То ли на свете действительно слишком много плохих людей, то ли Юрка обладал свойством притягивать их, как магнит, но по сравнению с тем человеком, которому Николай Борисович поручил доставить сына в Петербург, грешный Мануэль был образцом порядочности и чистоты. Самое странное, что чиновник Э., ехавший по казенной надобности в столицу, пользовался в Одессе, где тогда проживали Голицыны, репутацией «рыцаря честности». Получив на экипировку своего подопечного 2500 рублей ассигнациями (ехать предстояло по зимнику), достойный Э. купил ему волчью шубку («даже не хребтовую, а из-под лопаток» — жалуется Голицын в своих записках), козловые ботинки, ушанку, рукавицы и ямщицкий красный кушак. Выехали в разгар зимы тройкой, но уже после первой станции продолжали путь парой, ибо честнейший Э. клал себе в карман прогоны за третью лошадь. Морозы заворачивали круто, и в своей дрянной одежонке Юрка совсем бы замерз, если бы не согревался в борьбе с Э., пристававшим к нему с гнусными домогательствами. Юрка был не по годам сильный мальчик, он умел дать отпор, но это лишь распаляло его покровителя.
Между Мценском и Тулой повозка опрокинулась, придавив Юрке ноги.
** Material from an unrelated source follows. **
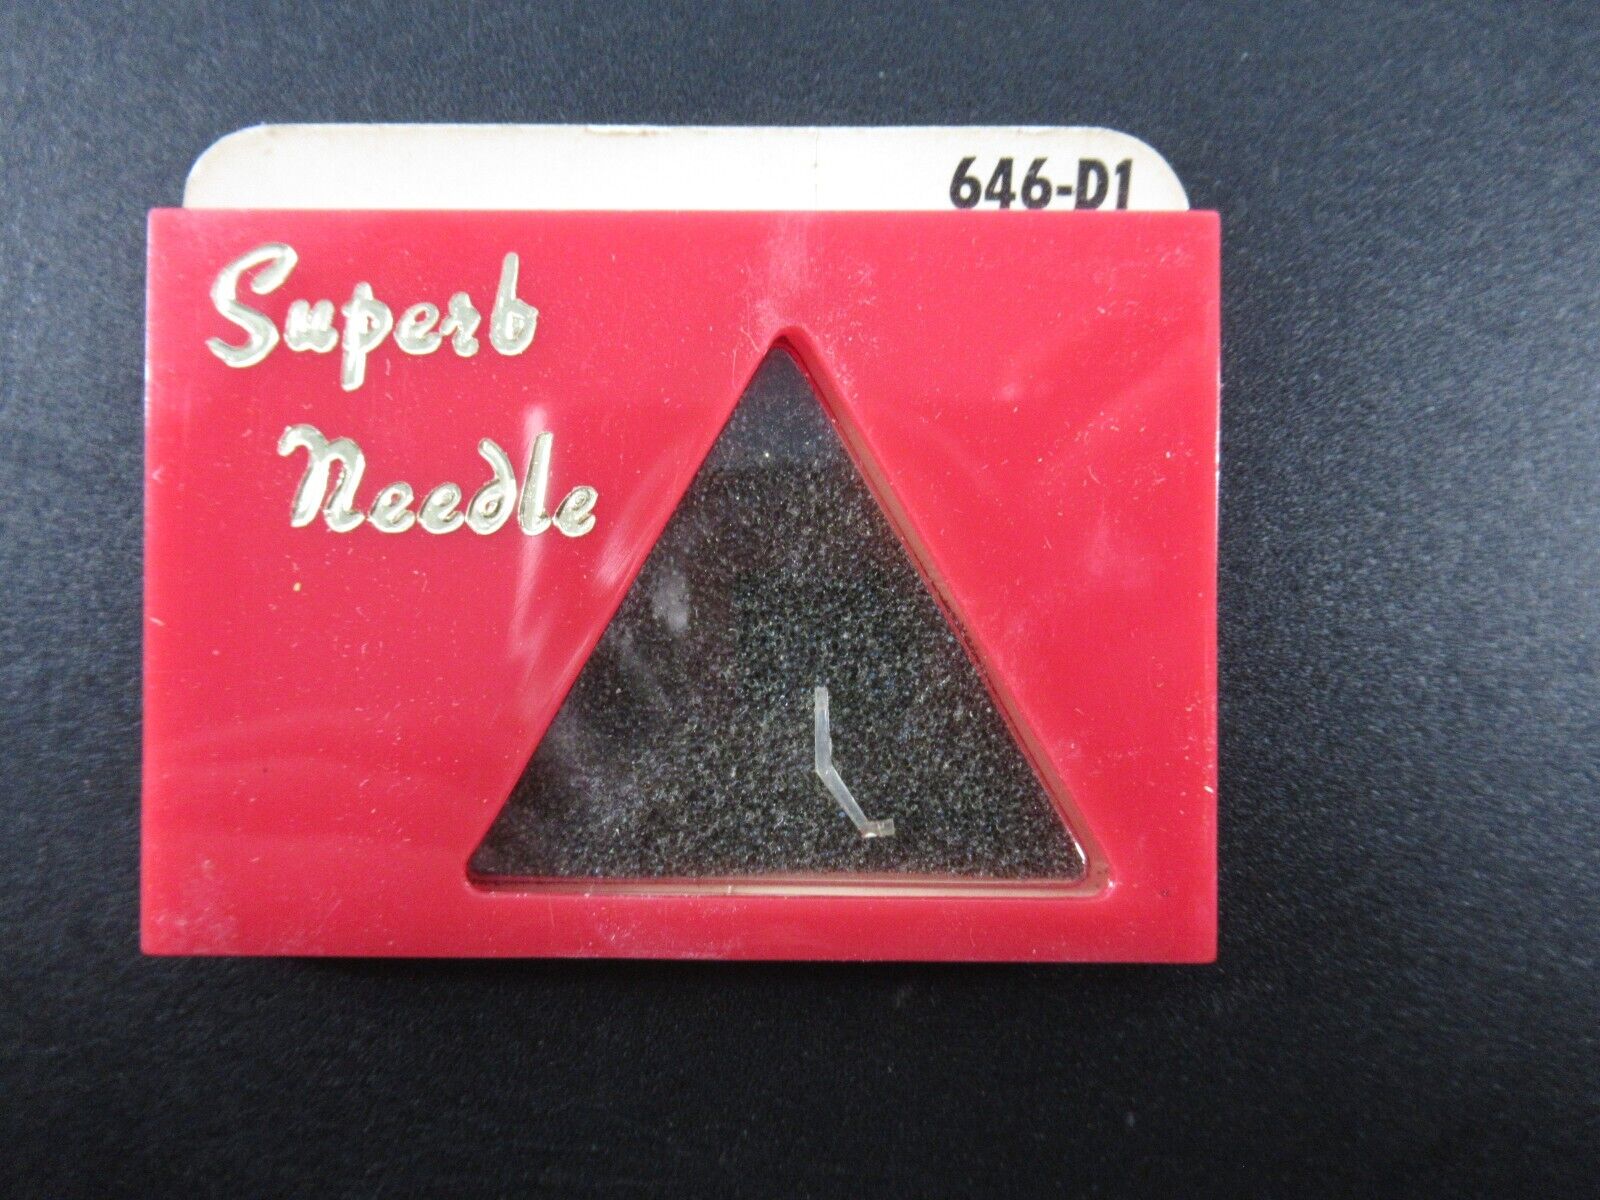 SUPERB DIAMOND NEEDLE, 646-D1, RCA 115060, New (JB)

Г-н Э., разумеется, не пострадал. Все усилия поставить возок на полозья ни к чему не привели. Ямщик отпряг лошадей и вместе с Э. поскакал в ближайшую деревню за подмогой. Пуржило, и тамошние мужики заломили, как показалось Э., непомерную цену за оказание пустяковой помощи. Тогда он спросил себе самовар и стал отогреваться чаем с ямайским ромом, ожидая, когда уляжется пурга и мужики станут сговорчивей. Но метель завернула круто — на всю ночь.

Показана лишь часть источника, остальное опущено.